A Computational Model of Autonomic Nervous System for Heart Rate Variability

Sajitha S Nair1, Minimol Balakrishnan2, Mini M G3
1Model Engg. College, 2Model Engineering College, 3Model Enginerring College


Abstract

Heart Rate Variability (HRV) is the subtle beat to beat change in heart rate. Autonomic Nervous System (ANS) does heart rate control by regulating the neurotransmitters, mainly Norepinephrine (NE) and Acetyl choline (Ach) from sympathetic and parasympathetic branches respectively.

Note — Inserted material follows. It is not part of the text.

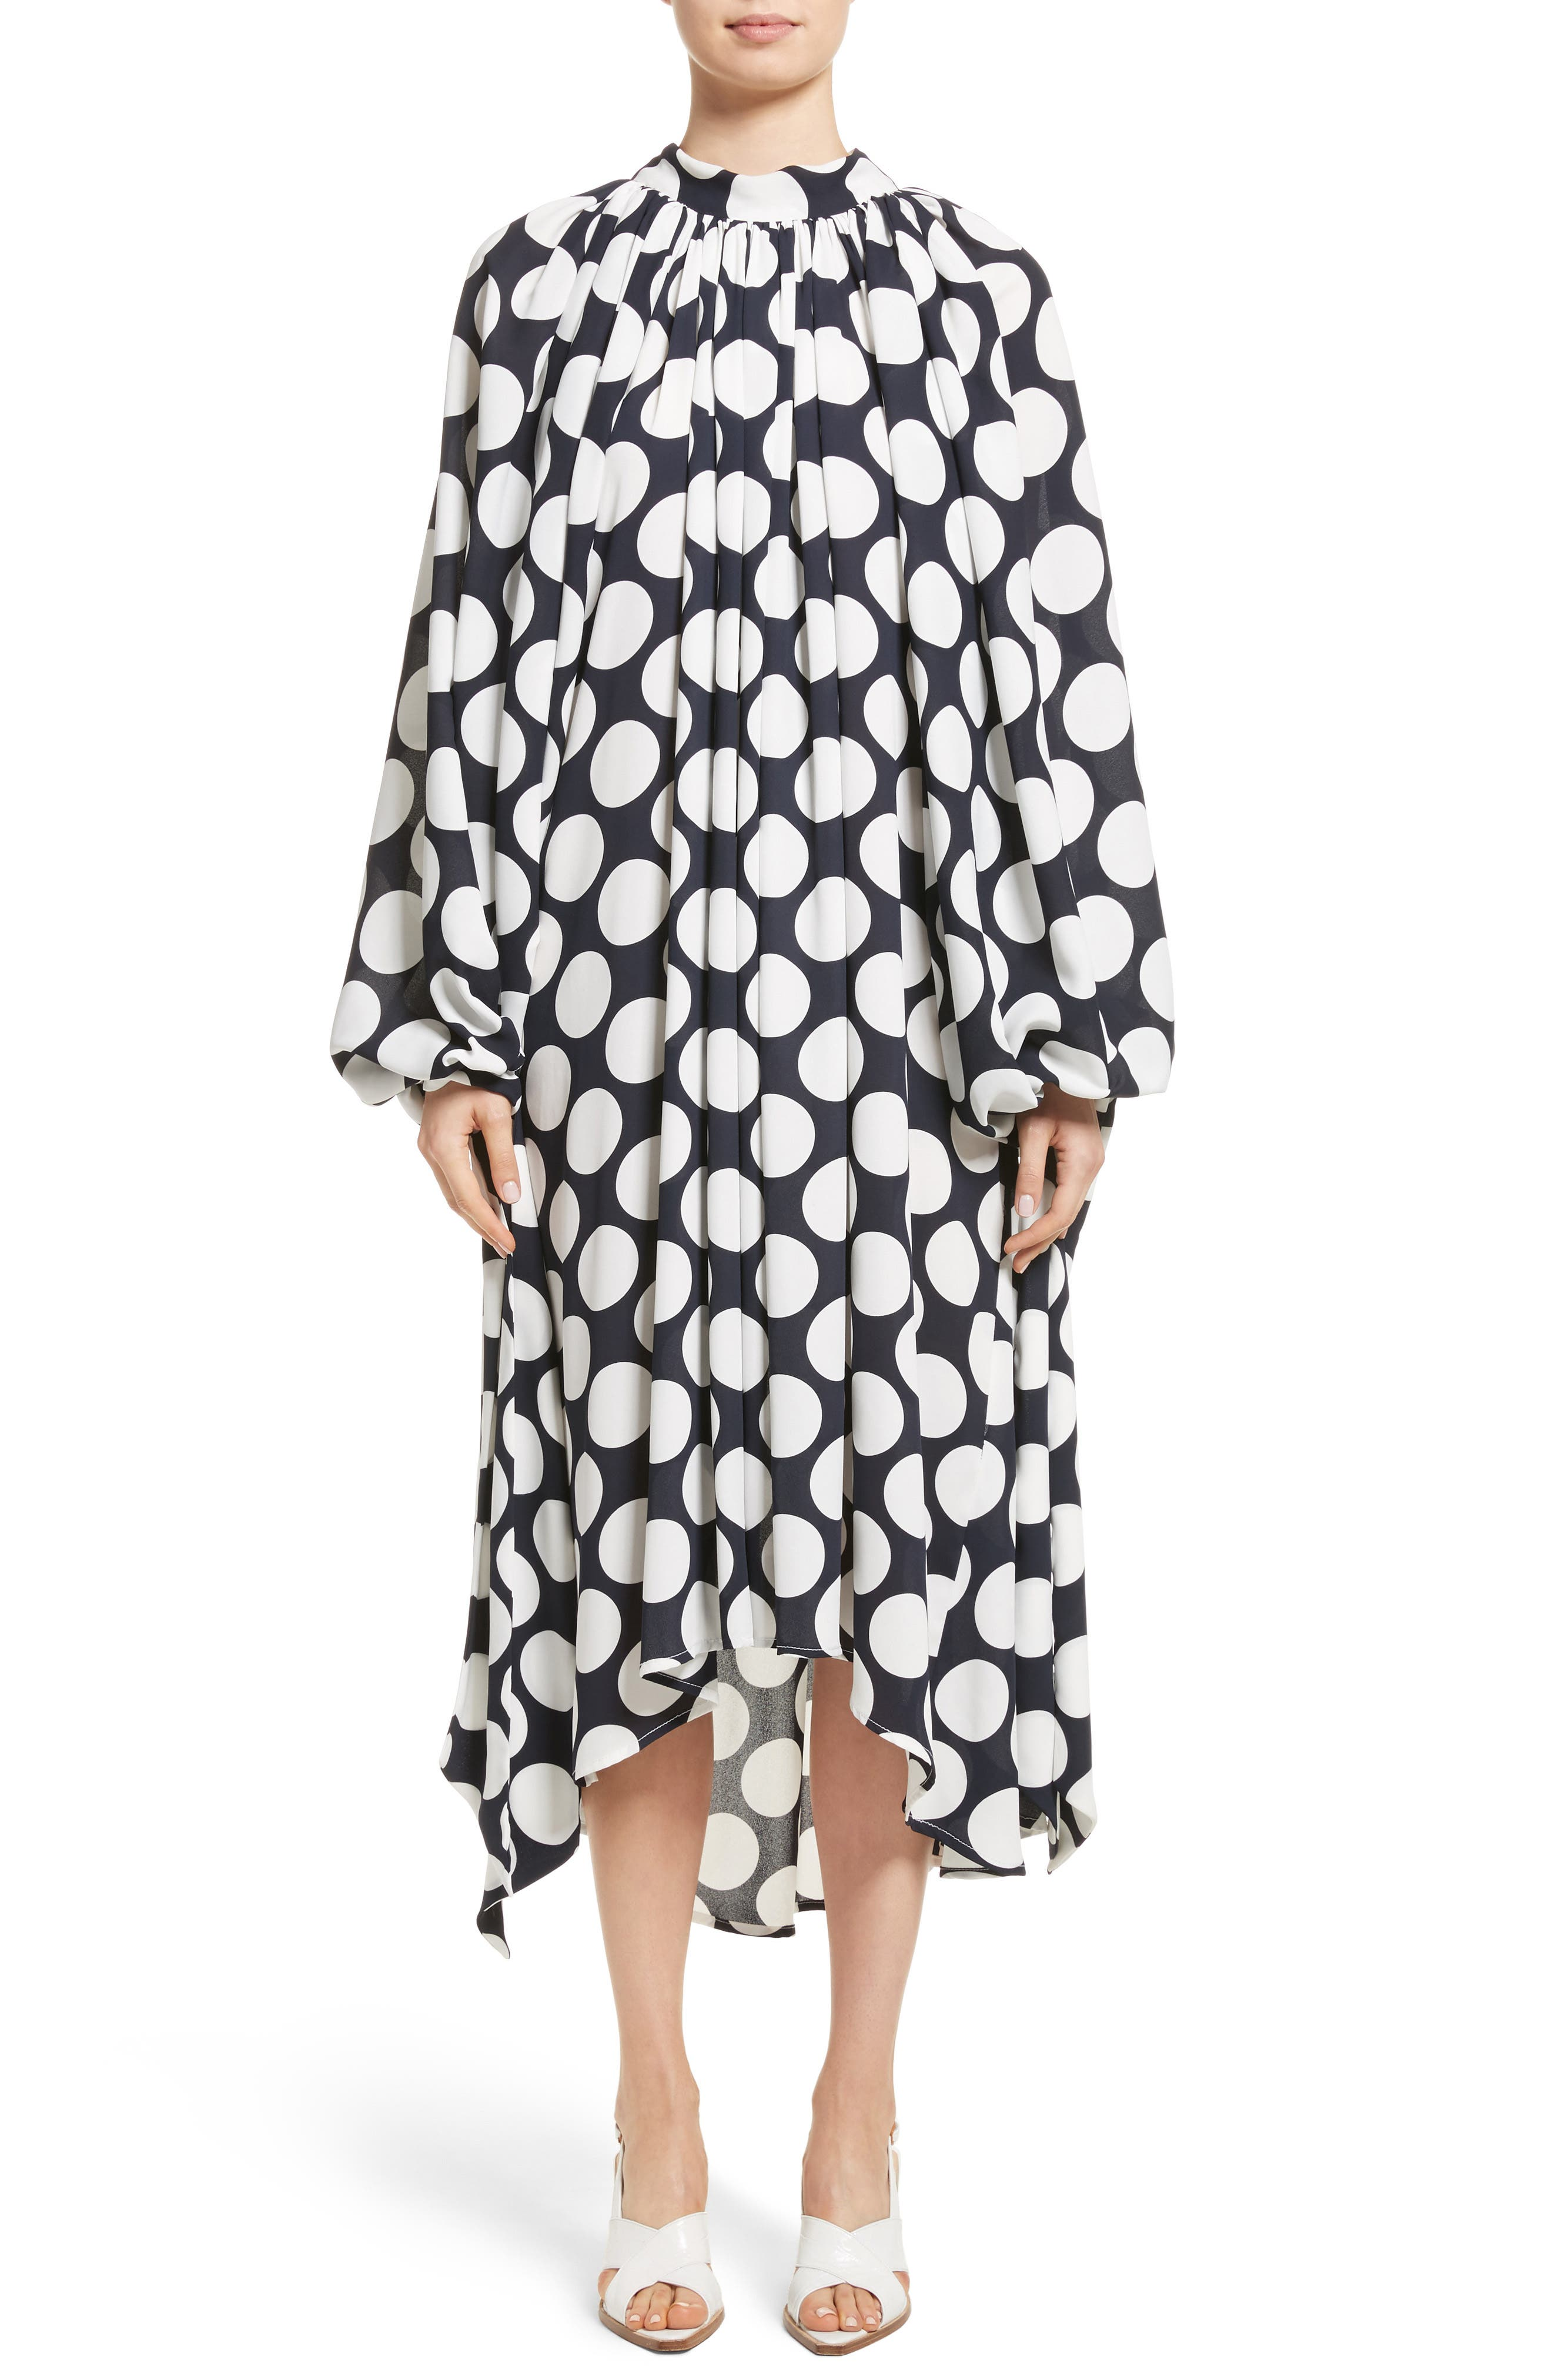 Giant Polka Dot Gathered Collar Dress,                             Main thumbnail 1, color,                             410

HRV analysis is a noninvasive tool for assessing the integrity of ANS. HRV changes are observed in the onset of not only heart disease but in a number of health conditions like sleep apnea, psychiatric disorders, diabetes, hypertension etc.
A mathematical model of ANS for heart rate variation is proposed in this study. An understanding of the relationship between ANS activities and heart rate change helps to identify biological changes associated with various diseases. This can lead to targeted diagnosis and therapy. Release of neurotransmitters, its interactions with the surroundings, and degradation are modeled. Interaction between sympathetic and vagal branches of ANS is modeled using standard Hill’s equation. Output of the model is in continuous time form; hence Fitzhugh Nagumo (FHN) model is used as the successive stage of proposed model to generate a discrete time heart beat interval series. ECG data were recorded from a group of healthy individuals having balanced sympathetic and parasympathetic activities and analyzed using KUBIOS HRV tool kit for typical HRV parameters of time domain, frequency domain and nonlinear analysis. HRV signal was synthesized by the model for the same autonomic state and analyzed using the same methods employed for original ECG data. Calculated parameter values for the original and model synthesized data fall in the same range.